||[Feb. 27th, 2006|12:41 pm]
Sorry that i didn't post anything in a few days. I really wasnt home for most of the weekend.
We went to the OLOTEAS 10 year anniversary on Saturday. It was very good for me to get away and have a chance to de-stress. We swam in a heated indoor pool. It allowed my nerves as well as my body to unwind. I think that I was able to release alot of the emotion from lastweek. The circle was totally beautiful. It made me understand that we have a long way to go as a coven. I would love to have us all be able to recite the rituals that we do from memory instead of having cheat sheets. I am hoping to take the rest of the coven to the next public rit that they do.. I want to show everyone that has not seen a well preformed rit what one looks like. I know that we have the ability to do this... we are just sooooo full of those that are new to the craft. I am totally scared that I do not have the ability to teach or lead them. I know that this is unfounded. If they did not have faith in me... they would not be here. I know that I am just venting. The day that I feel that I am worthy of leading this coven will be the day that I step down.

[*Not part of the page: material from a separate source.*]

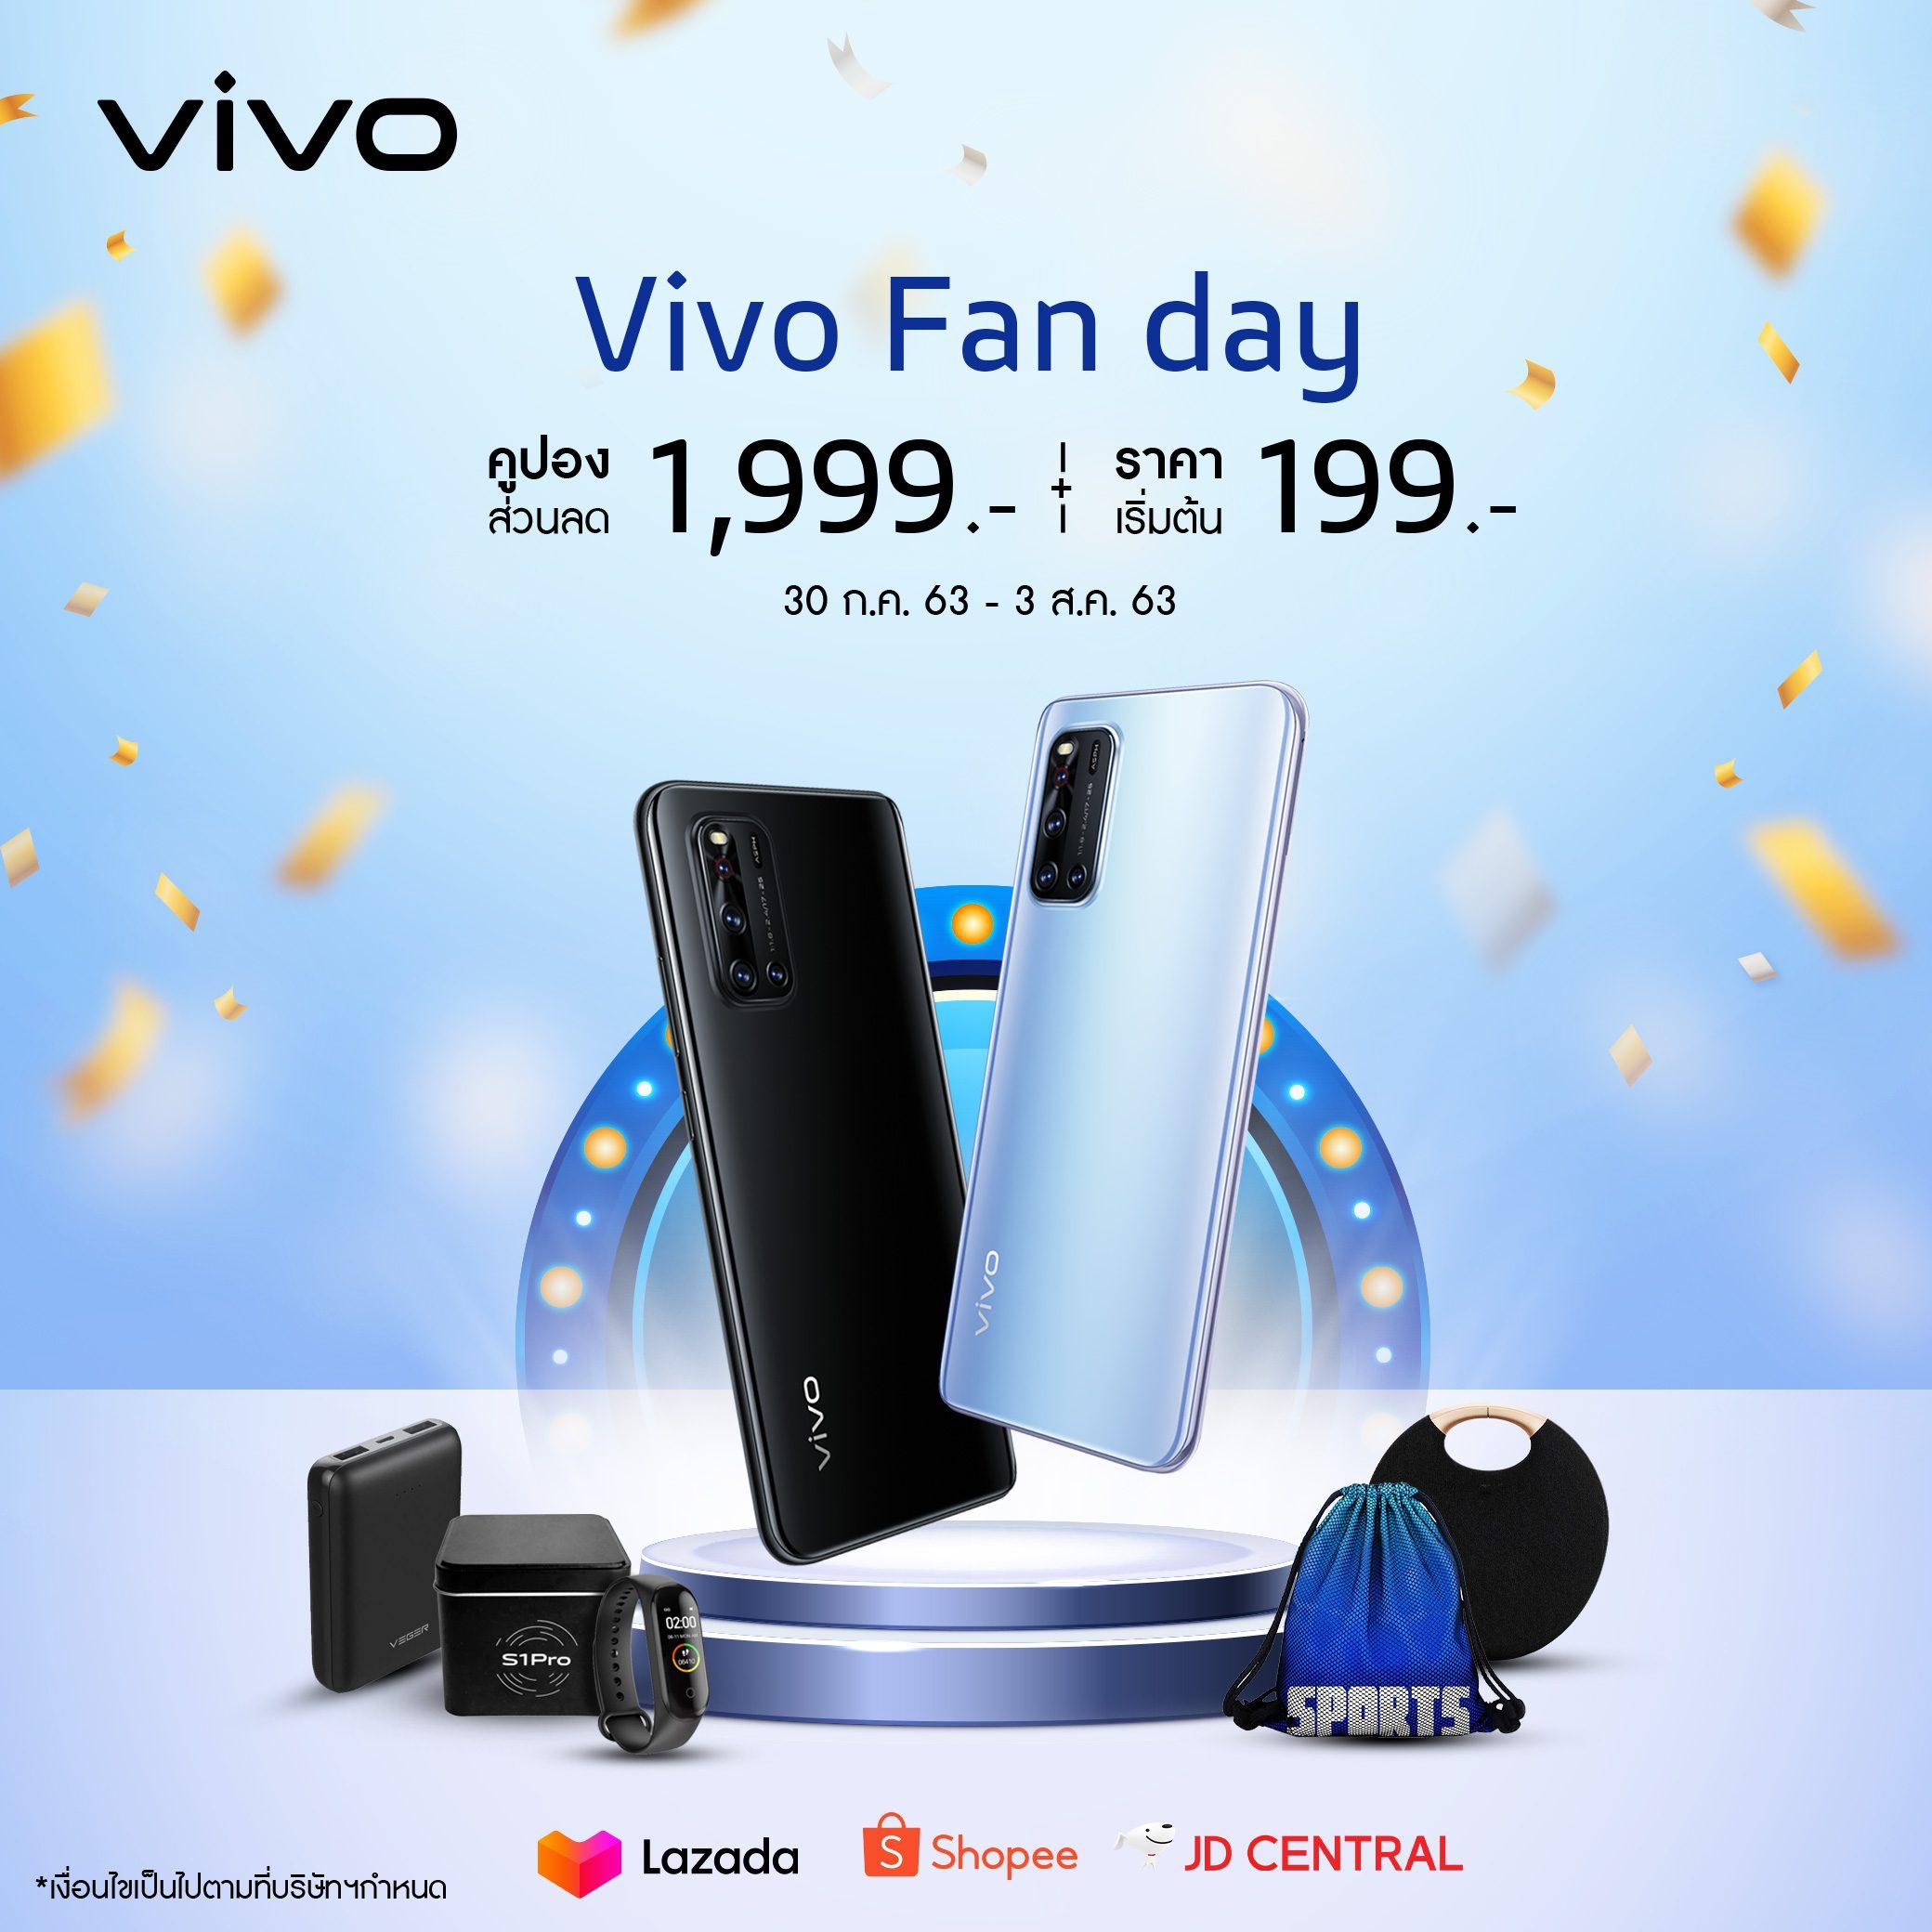 โปรโมชั่นสุดปัง Vivo Fans day 30.7.63-3.8.63 !!

About my drop.... I was able to feel completely recovered after Saturday. I dont think that this would have been soooo bad if I had not bee dealing with all the emotional crap that was going on this last week.
Nick..... my poor son... He has been assulted again at school... BUT!!! This time there was an adult there!!! The school is calling the police and filing this as an assult. I will make sure that the charges are pushed to the legal limit that is possible. I am soooooooo Sick of Nick being the target for shit at school. He is home now. He needs me.